То, что верно в большом, верно и в малом. Повторение единообразных элементов с равными интервалами не только не составляет ритма, но и противоположно опыту ритма. Эффект шахматной доски более приятен, чем большое пустое пространство или пространство, наполненное разнонаправленными случайными линиями, которые, не замыкая никакой фигуры, мешают применению зрения. Дело в том, что опыт шахматной расстановки не настолько регулярен, как сам объект – шахматная доска, – если рассматривать ее только физически и геометрически. При движении глаз внимание привлекают новые, подкрепляющие друг друга поверхности, и внимательное исследование может показать, что новые паттерны создаются почти автоматически. Квадраты располагаются сначала вертикально, потом горизонтально, сначала по одной диагонали, потом по другой; малые квадраты слагаются не только в большие, но и в прямоугольные, а также лестничные контуры. Органическое требование многообразия таково, что оно все равно выполняется в опыте, даже если для этого нет существенных внешних поводов. Даже тиканье часов слышится всегда несколько разным – ведь слышится именно взаимодействие физического события с меняющимися пульсациями органической реакции. Частое сравнение музыки и архитектуры покоится на том факте, что эти искусства непосредственнее других воплощают в себе органическое возвращение и воспроизведение, осуществляемое благодаря накапливающимся отношениям, а не повторению одних и тех же единиц. Эстетическая вульгарность многих наших зданий, особенно на улицах больших американских городов, обусловлена монотонностью, создаваемой регулярным повторением форм, распределенных единообразно, поскольку архитектор может достичь разнообразия только произвольной орнаментацией. Еще более яркий пример – наши ужасные памятники Гражданской войне или значительная часть нашей муниципальной скульптуры.

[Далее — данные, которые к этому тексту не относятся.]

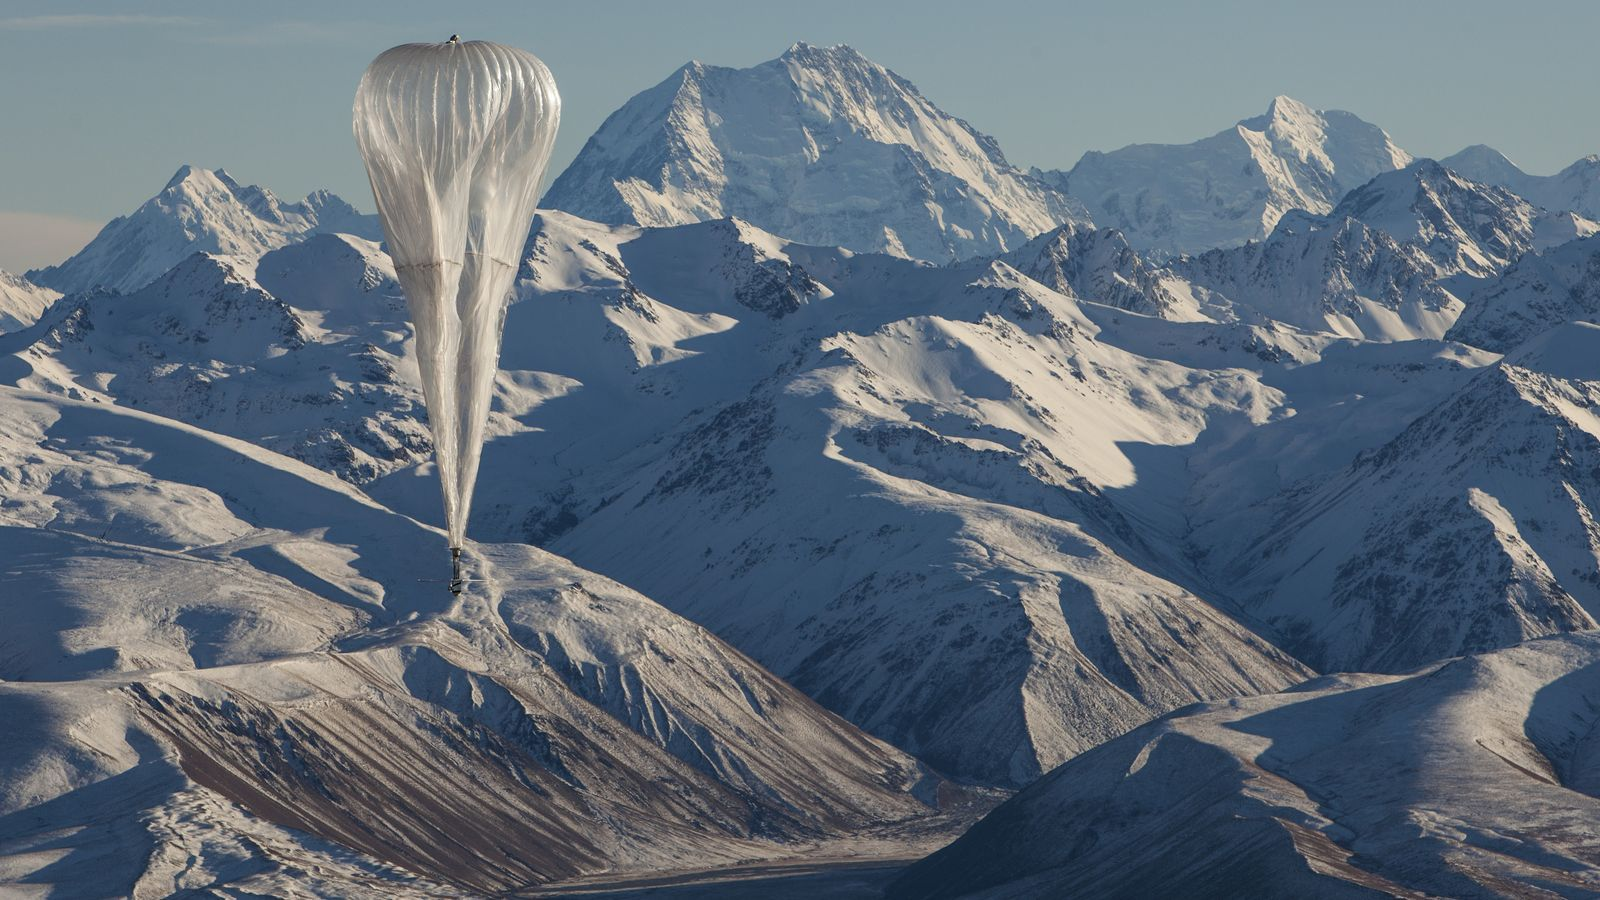 Un dels globus de Loon, filial de Google

Я сказал, что организм жаждет как разнообразия, так и порядка. Это утверждение, однако, недостаточно, поскольку акцентирует вторичное качество, а не первичный факт. Процесс органической жизни и есть вариация. Если повторить известную фразу Уильяма Джеймса, он является примером ситуации «всегда, но не вполне». Алчущее устремление как таковое возникает только тогда, когда его естественная склонность преграждается неблагоприятным обстоятельством, монотонностью чрезвычайной бедности или чрезмерной роскоши. Каждое движение опыта, завершая себя, возвращается к своему началу, поскольку это удовлетворение побуждающей начальной потребности. Но воспроизводимое всегда воспроизводится с определенным отличием, само воспроизведение заряжается всеми этими отличиями, привнесенными движением, позволившим удалиться от начала. Приведем несколько произвольных примеров: возвращение в дом, где провел детство, после многолетнего отсутствия; тезис, получивший доказательство благодаря рассуждению, и тезис в его первичной формулировке; встреча со старым другом после разлуки; воспроизведение музыкальной фразы и рефрена в поэзии.

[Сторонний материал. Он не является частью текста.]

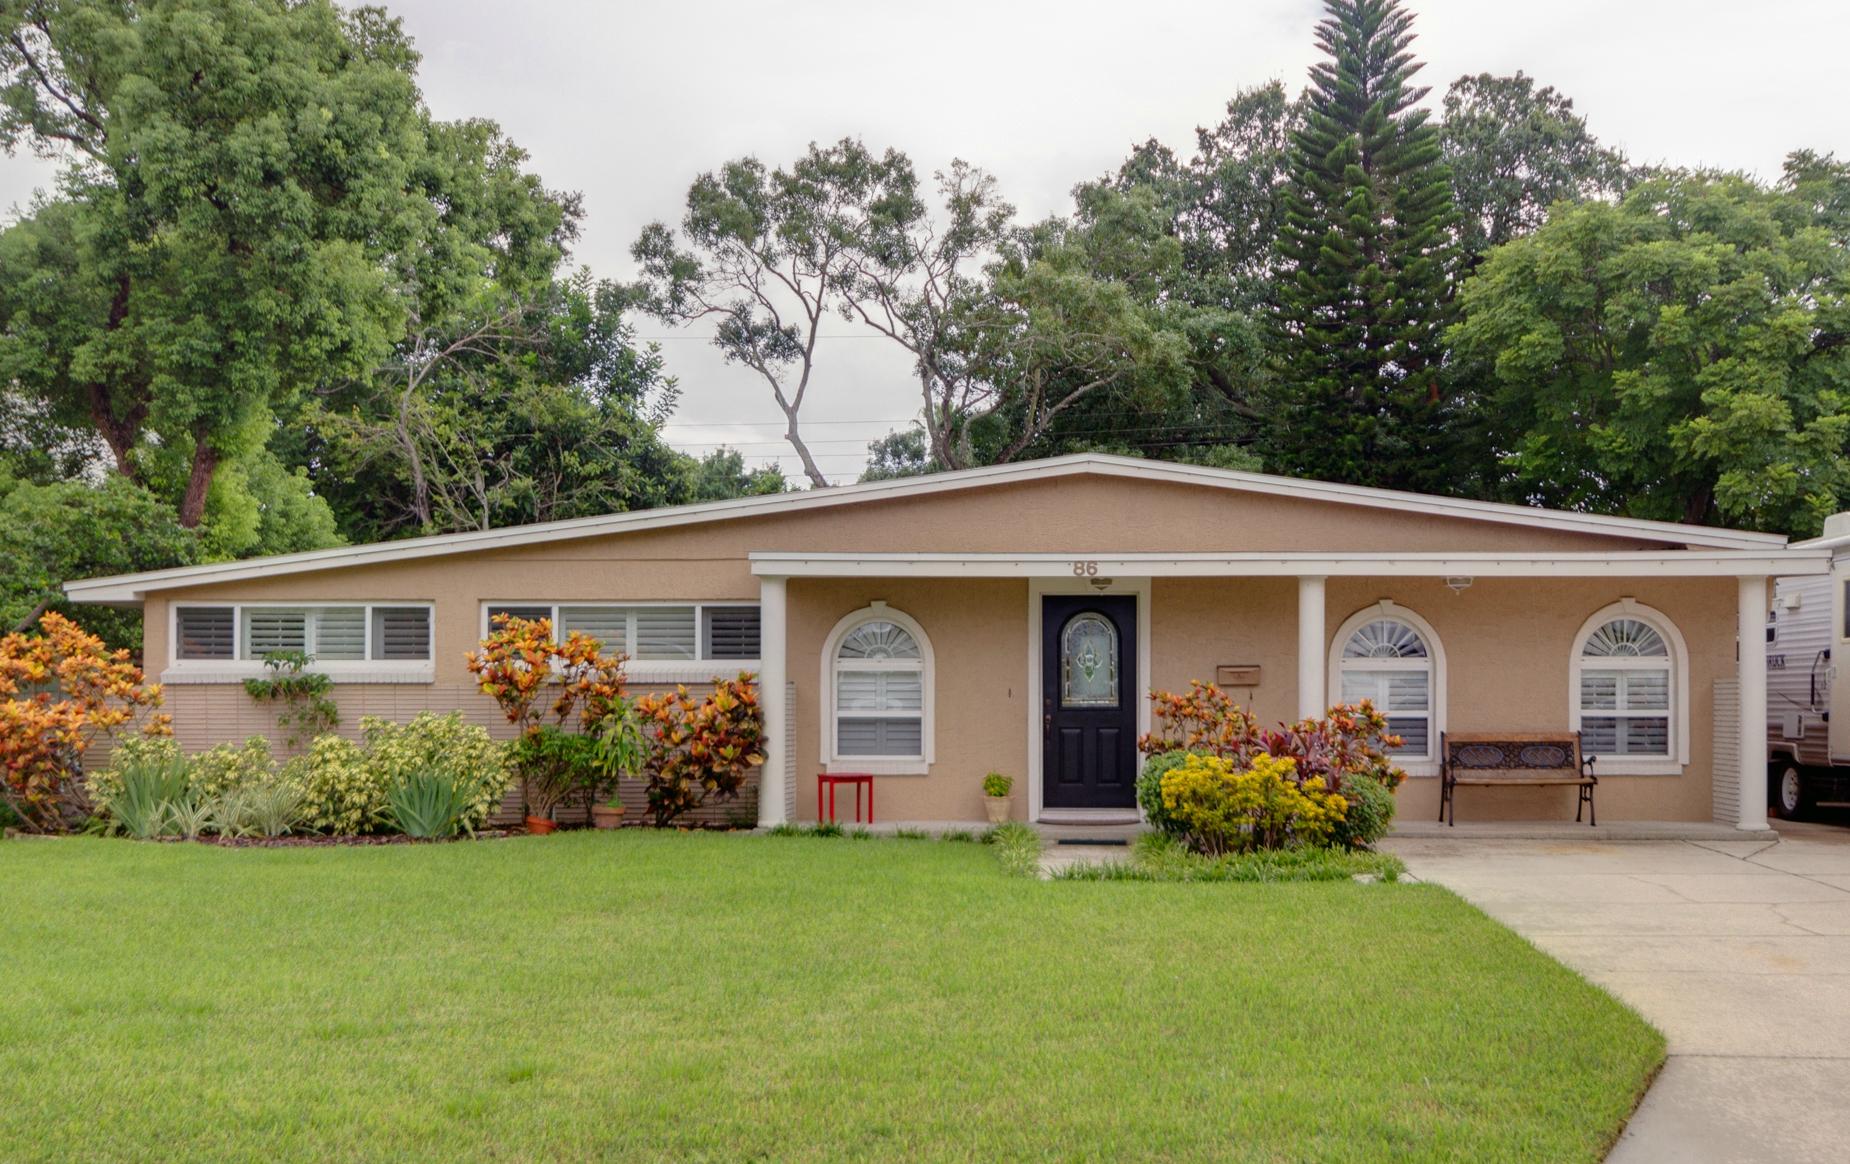 86-Huron-Davis-Islands-Fadal-Real-Estate-Tampa-Exterior-Front-v22

Требование разнообразия является проявлением того факта, что, если мы живы, мы стремимся жить, если только не дрожим от страха и если нас не сковала рутина. Сама потребность жизни толкает нас в неизвестное. Вот в чем заключается непреложная истина любовного романа. Он может выродиться в бесформенное умножение интриг и в самодостаточное возбуждение, выражающееся в псевдоромантизме. Однако громогласный классицизм, время предугадывает и предсказывает то, чему еще только суждено возникнуть. Каждая развязка – это пробуждение, а каждое пробуждение находит для чего-то решение. Такое положение дел определяет организацию энергии.
Особое внимание к вариации в ритме может показаться излишне педантичной проработкой чего-то очевидного. Мое оправдание состоит не только в том, что влиятельные теории исказили это качество, но и в том, что существует склонность ограничивать ритм какой-то одной фазой продукта искусства, например: темпом в музыке, линиями в живописи, метром в поэзии, плоскими или мягкими кривыми в скульптуре. Такие ограничения всегда ведут к тому, что Бозанкет назвал «легкой красотой», и в своем логическом развитии они, будь то в теории или на практике, завершаются тем, что какая-то материя остается без формы, а какая-то форма произвольно навязывается материи.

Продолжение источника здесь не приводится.